3. Not recognizing the pairing opportunity
Students often miss that they can pair corresponding terms (1st even with 1st odd, 2nd even with 2nd odd, etc.) and instead try to find x and y individually. This oversight leads to unnecessary complex calculations and potential arithmetic errors.
1. Incorrect pairing of terms
Even when students recognize the pairing pattern, they might incorrectly pair terms. For example, pairing 2 with 3, 4 with 5, etc., instead of pairing 2 with 1, 4 with 3, etc. This fundamental misunderstanding of which terms correspond leads to wrong differences.
2. Arithmetic errors in the difference calculation
Students might correctly identify that each pair has a difference of 1 but then make basic multiplication errors, such as calculating \(50 \times 1 = 25\) or getting confused about how many pairs exist (thinking there are 25 pairs instead of 50).
1. Calculating \(y - x\) instead of \(x - y\)
Students might correctly find that the absolute difference is 50 but then select -50 if available in the choices, or become confused about the sign.
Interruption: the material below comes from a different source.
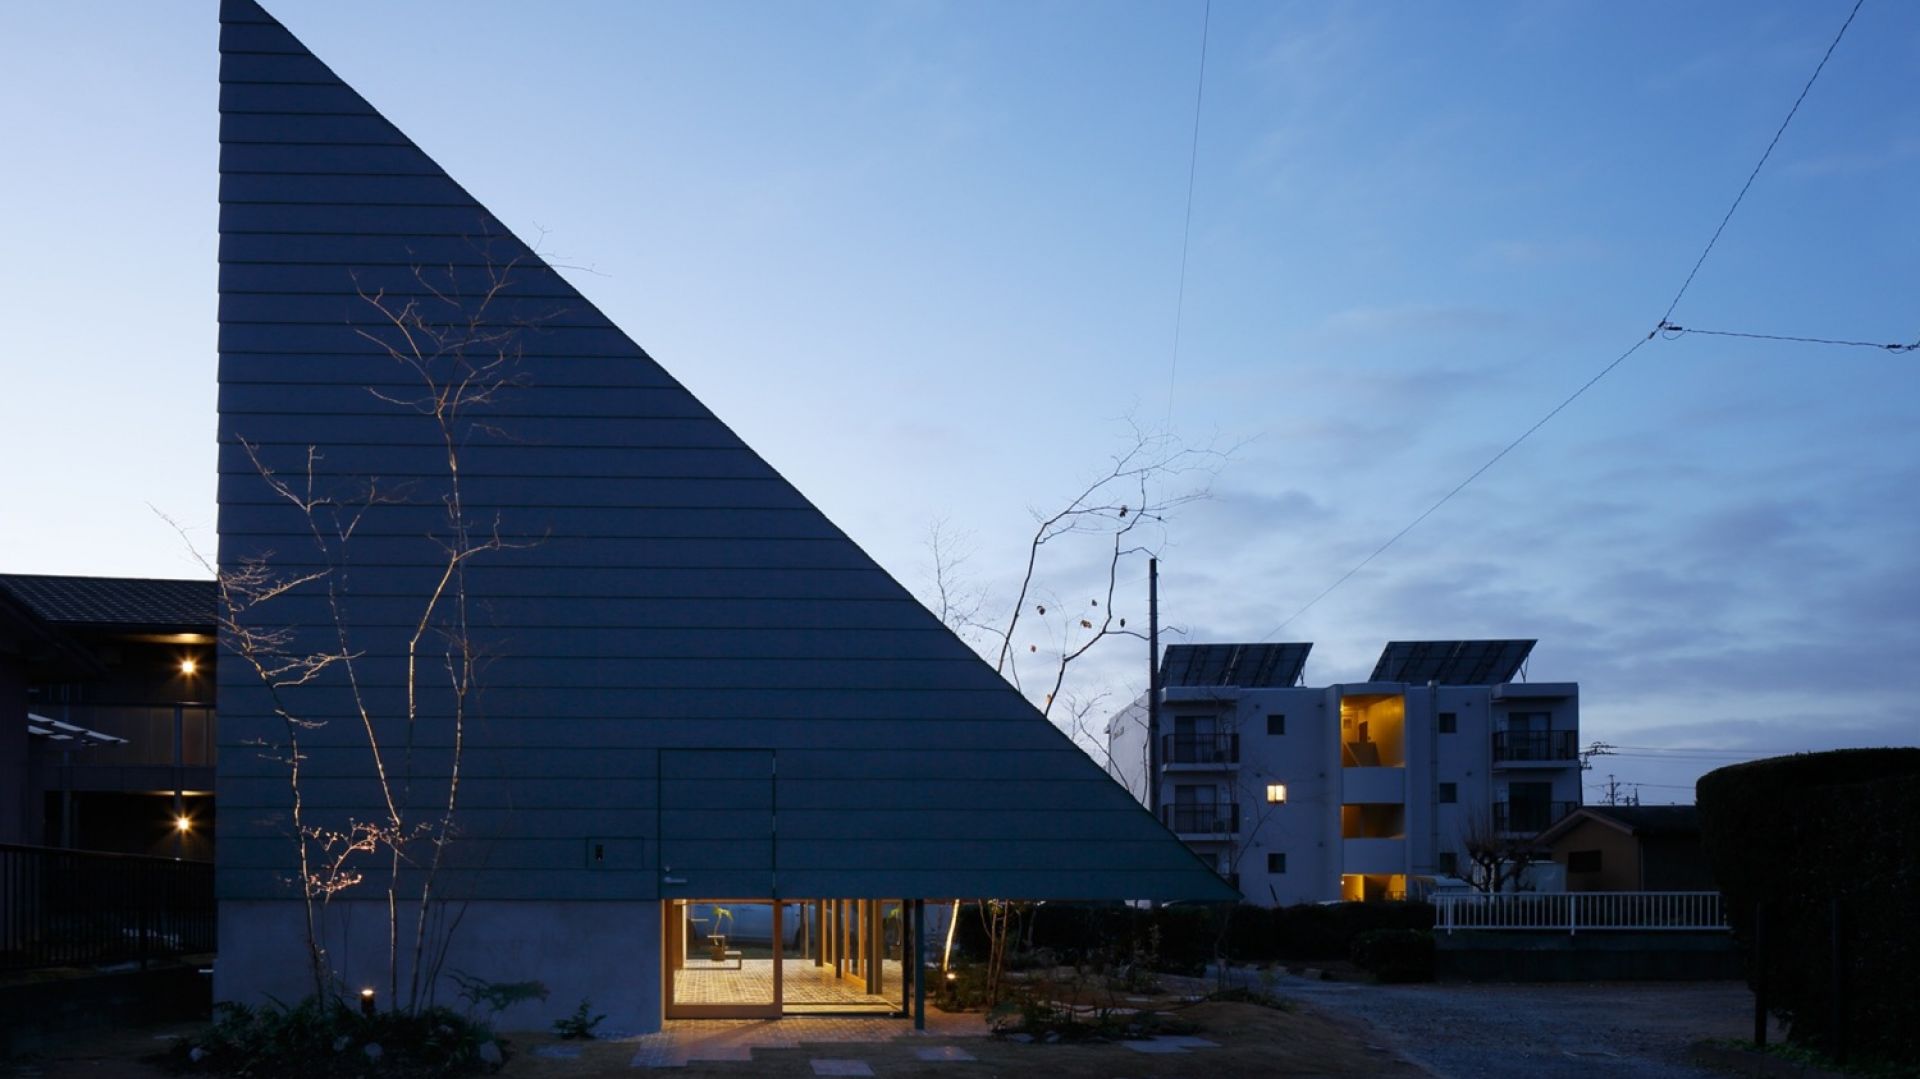 Japoński dom "trójkąt" z otwartym ogrodem pod dachem 71 mkw

They calculate \((1+3+5+\ldots+99) - (2+4+6+\ldots+100)\) instead of the required \(x - y\), leading them to think the answer is -50 rather than +50.
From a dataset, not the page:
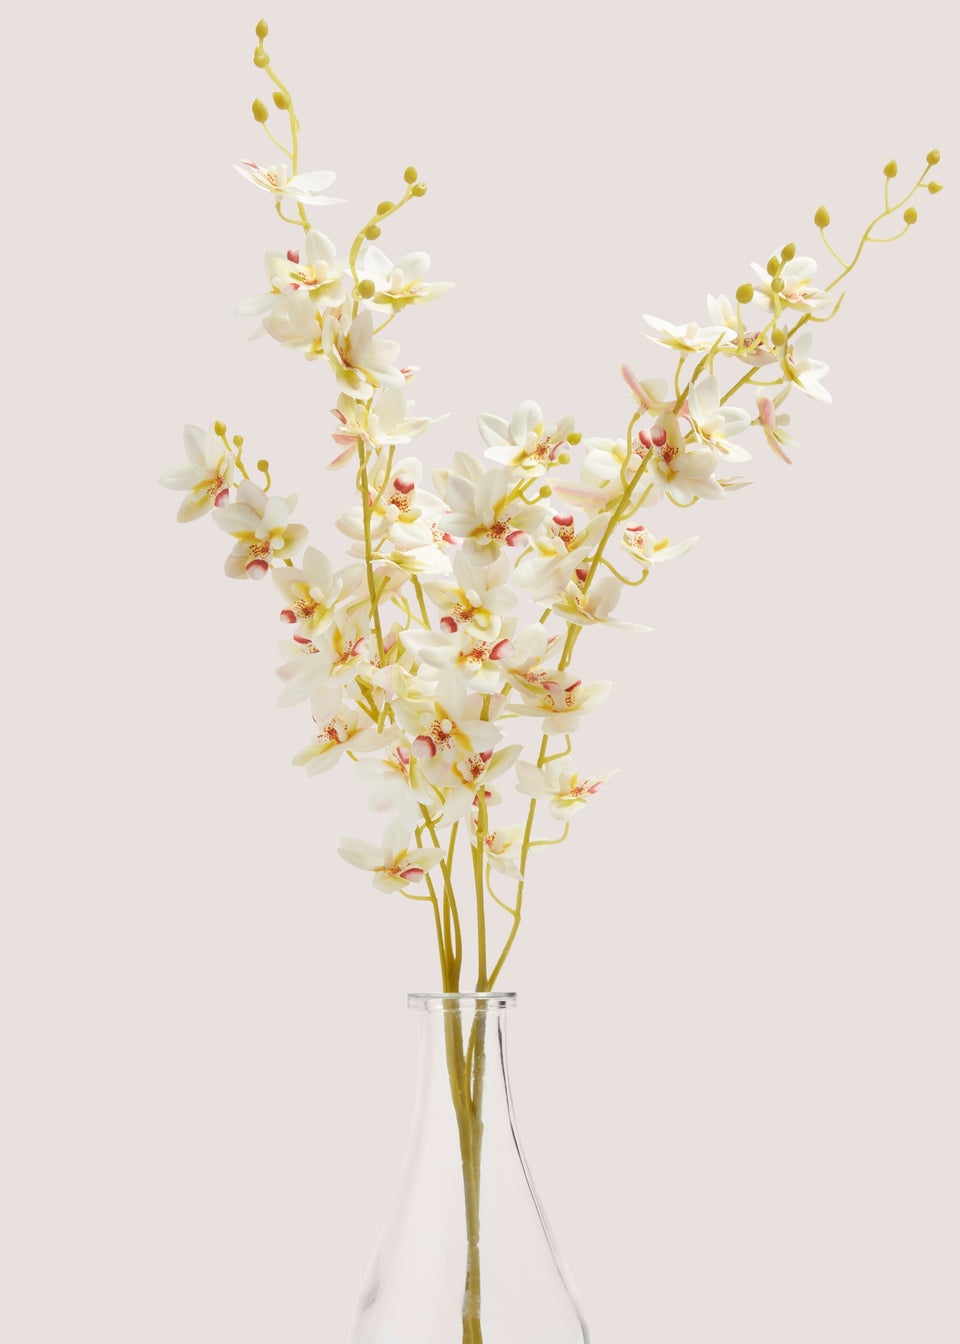 Pink Faux Floral In Glass Vase (58cm x 34cm x 13cm)

Instead of working with 50 terms directly, let's use smaller numbers to identify the pattern, then scale up.
Step 1: Start with the first 3 terms to identify the pattern
First 3 positive even integers: \(2, 4, 6\)
First 3 positive odd integers: \(1, 3, 5\)
Sum of evens: \(2 + 4 + 6 = 12\)
Sum of odds: \(1 + 3 + 5 = 9\)
Difference: \(12 - 9 = 3\)
Step 2: Check the pattern with 4 terms
First 4 positive even integers: \(2, 4, 6, 8\)
First 4 positive odd integers: \(1, 3, 5, 7\)
Sum of evens: \(2 + 4 + 6 + 8 = 20\)
Sum of odds: \(1 + 3 + 5 + 7 = 16\)
Difference: \(20 - 16 = 4\)
Step 3: Verify the pattern with 5 terms
First 5 positive even integers: \(2, 4, 6, 8, 10\)
First 5 positive odd integers: \(1, 3, 5, 7, 9\)
Sum of evens: \(2 + 4 + 6 + 8 + 10 = 30\)
Sum of odds: \(1 + 3 + 5 + 7 + 9 = 25\)
Difference: \(30 - 25 = 5\)
Step 4: Recognize the clear pattern
The pattern shows that when we take the first n positive even integers minus the first n positive odd integers, the difference equals n.
Step 5: Apply the pattern to our problem
For the first 50 positive even integers minus the first 50 positive odd integers:
Difference = 50
Why this pattern works: Each even integer is exactly 1 more than its corresponding odd integer \((2-1=1, 4-3=1, 6-5=1, \text{etc.})\), so when we have n pairs, the total difference is \(n \times 1 = n\).